Los rostros del caos
Si en la segunda década del siglo XX fue moda el collage, la tendencia paralela en estos días es el mashup. El collage representaba una revuelta en la pintura pura. Una actitud irrespetuosa a propósito del lienzo ordenado pero también, en el hervor de las vanguardias, una variante de lo que valía la pena destruir y recolectar.
El mashup (“destruir”, “mezclar”, “triturar”) es el collage trasladado a los nuevos productos audiovisuales (al cine, el vídeo, el tráiler o el videoclip) y su gracia consiste en crear un resultado distinto tras pasar por la autoclave. No importa si el resultado queda hilado o no, homogéneo o heterogéneo. Lo decisivo es la experimentación con los efectos de la superposición y la mixtura.
Así como en la red o en los estudios científicos intervienen un gran número de agentes que aportan sus puntos de vista tan estrábicos o estrambóticos como eficientes. Los efectos de la mixtura, nunca previsibles, pueden derivar en formaciones artísticas de incalculable novedad.
El precedente del mashup en las artes plásticas es el remix que sigue con todo vigor desde los años 90. El disk jockey no se afanaba ya solo en escoger y programar la música de la sala velada, sino que componía sus temas mediante manipulaciones de los platos, sus giros hacia delante o hacia atrás “mezclados” con el recurso de acelerar el ritmo o introducir intervalos desafinados arañando con la aguja (scratch) la superficie del vinilo.
Empleaban pues el tocadiscos como un raro instrumento de percusión, herramienta capaz de alterar sustancialmente los efectos finales, efectos chocantes pero no necesariamente feos.
Este sonido descuidado que pudo asociarse entonces a la moda grunge o destroyer, al desaliño, la mácula, la decoloración o el desgarro presentaban una opción estética particularmente ideologizada. Una estética representativa del no, de la rebelión contra el orden y de la proclamación de la destrucción. Una estética inspirada y legitimada, en fin, por los efectos raros contra un mundo insoportablemente enrarecido.
Los diseños raros para algunos coches de Fiat y Renault o el auge de la inventiva marca Desigual (con la s al revés) y mezclando casi todo, convergen en el mismo vórtice donde humea caliente el malhumor.
No hace falta aludir a la hibridación de culturas distintas o religiones distantes o automóviles ecológicos para reconocer en el mashup el nuevo espíritu del tiempo. Los futuristas emplearon también con el collage una metáfora de que, al cabo, todo acabaría siendo empujado en bloque hacia el progreso gracias al soplido de la velocidad.

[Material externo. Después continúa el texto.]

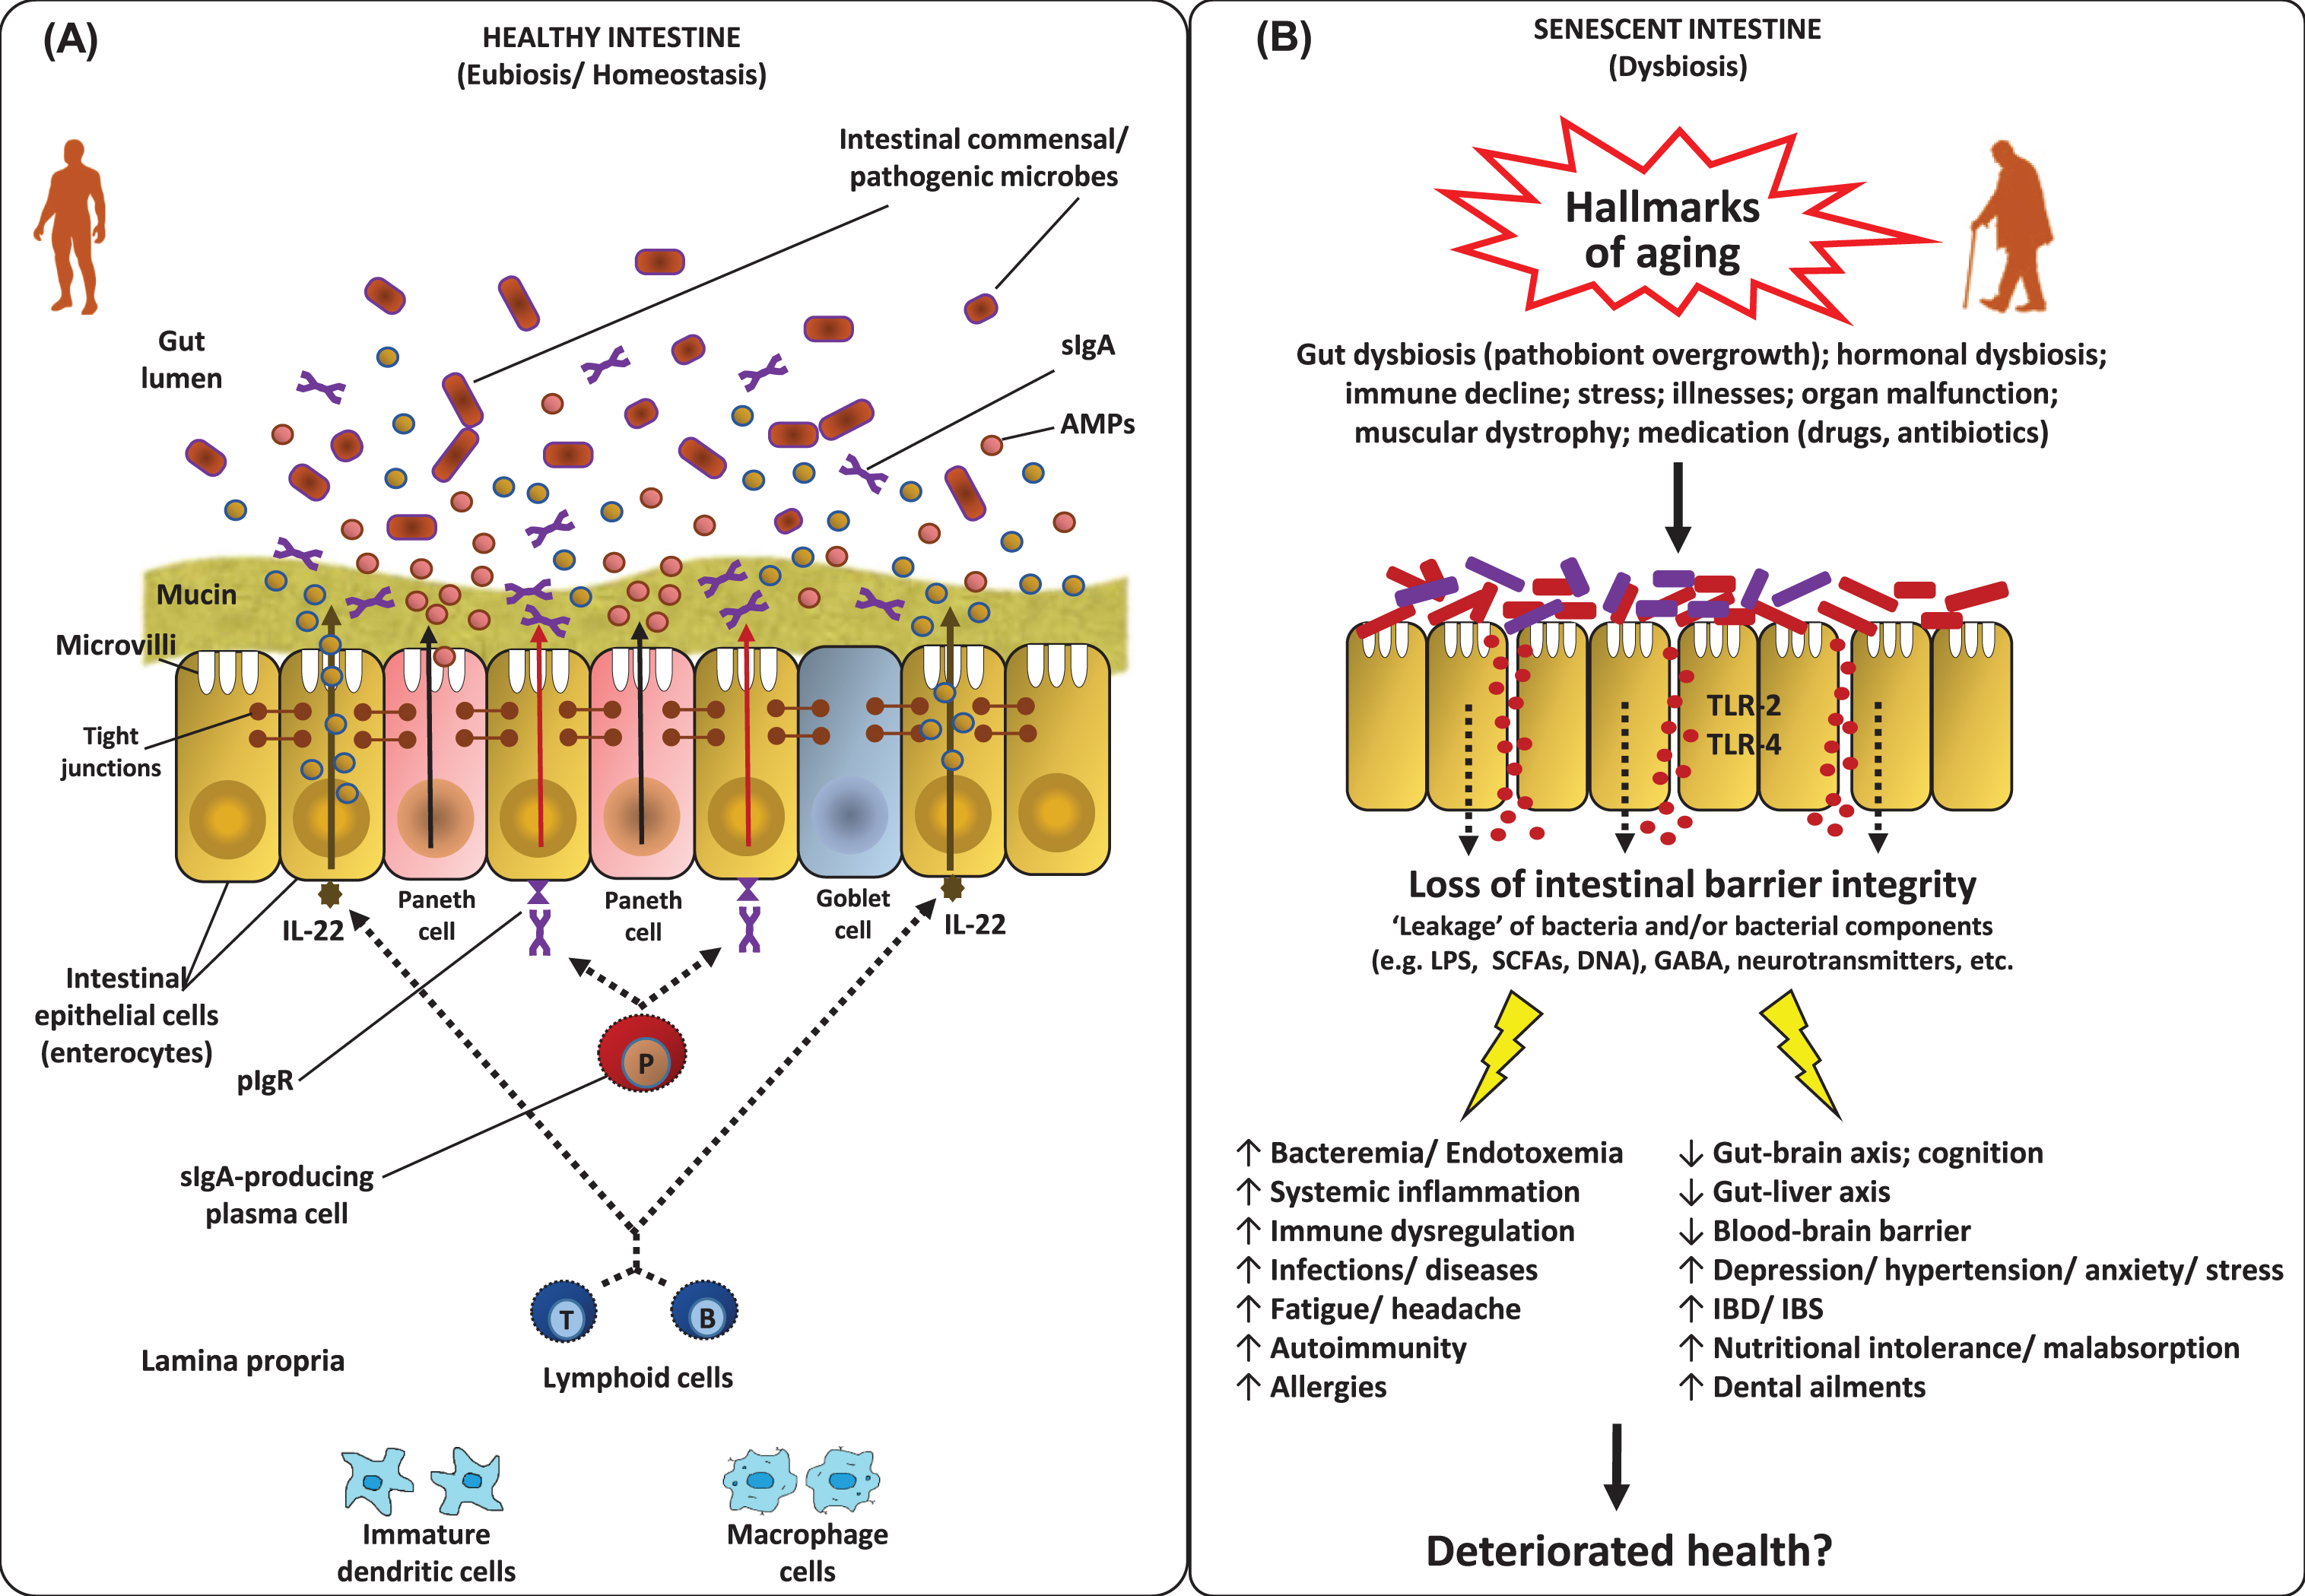 Features of the homeostatic intestinal environment (eubiosis) (A), and how a perturbed microbiota (dysbiosis) and gut barrier may instigate aging-related maladies (B). Under homeostatic conditions (eubiosis), the epithelial cells produce antimicrobial peptides (AMPs) in response to interleukins (e.g. IL-22) and also express pattern recognition receptors (e.g. Toll-like receptors; TLR). The gut microbes regulate mucous secretion and AMPs production and also regulate/enhance the gut barrier integrity via producing short-chain fatty acids (SCFAs). Goblet cells produce mucus to constrain pathobiont invasion. Lymphoid cells (e.g. TH17 cells) play a role in host defense by producing controlled arrays of IL-22. Dendritic cells (DCs) induce the activation and differentiation of naive B cells to produce plasma cells that produce commensal-specific IgA in the lamina propria. IgA is transported into the gut lumen as secreted IgA (sIgA) via (polymeric immunoglobulin receptor pIgR) receptors, where after sIgA binds to commensal microbes and soluble antigens, thereby restraining their adherence to the host epithelium and leakage through the gut barrier. However, under dysbiosis and/or senescent milieus, the altered microbiota composition and weakened/perturbed gut permeability may lead to increased adherence and leakage of various microbes and microbial by-products through the gut barrier thereby instigating hyper-inflammatory responses eventually increasing the host susceptibility to various gut-related as well as systemic ailments via perturbations in the magnitude of gut-brain axis, gut-liver axis etc. [7, 36, 63, 84, 124, 127, 128, 132, 133, 147].

Ahora, por el contrario, el mashup aplicado a la cinematografía, el vídeo o la televisión viene a evocar la pila de elementos preexistentes destinados ya a una quema, al modo de las hogueras con trastos diversos y viejos hacia la inaugural llegada de San Juan.
San Juan y su temible Apocalipsis reaparece en los textos de los diarios y los telediarios, en las películas y en los políticos, pero, además, en casi todas las manifestaciones digitales que ahora permiten cortar y pegar, fundir y soldar.
Como en la comida rápida que no pone atención en un orden litúrgico, el mashup se basa en el desorden de la descomposición que lleve a la impronosticable composición final. Como sucede con la Gran Crisis, no hay proyectos ni es tampoco la muerte total de lo anterior. Muestra el espectáculo de un naufragio donde los pecios navegan a su antojo.
En Internet, en los falsos tráileres, en la pintura actual, el desorden aparente es igual a un punto de vista estroboscópico y a un paladar que se complace tanto en un sabor inédito como en el efecto de juntar la sal y el acíbar, el entierro y la riqueza, la catedral y el circo, la muerte y los billones de euros del Banco Central.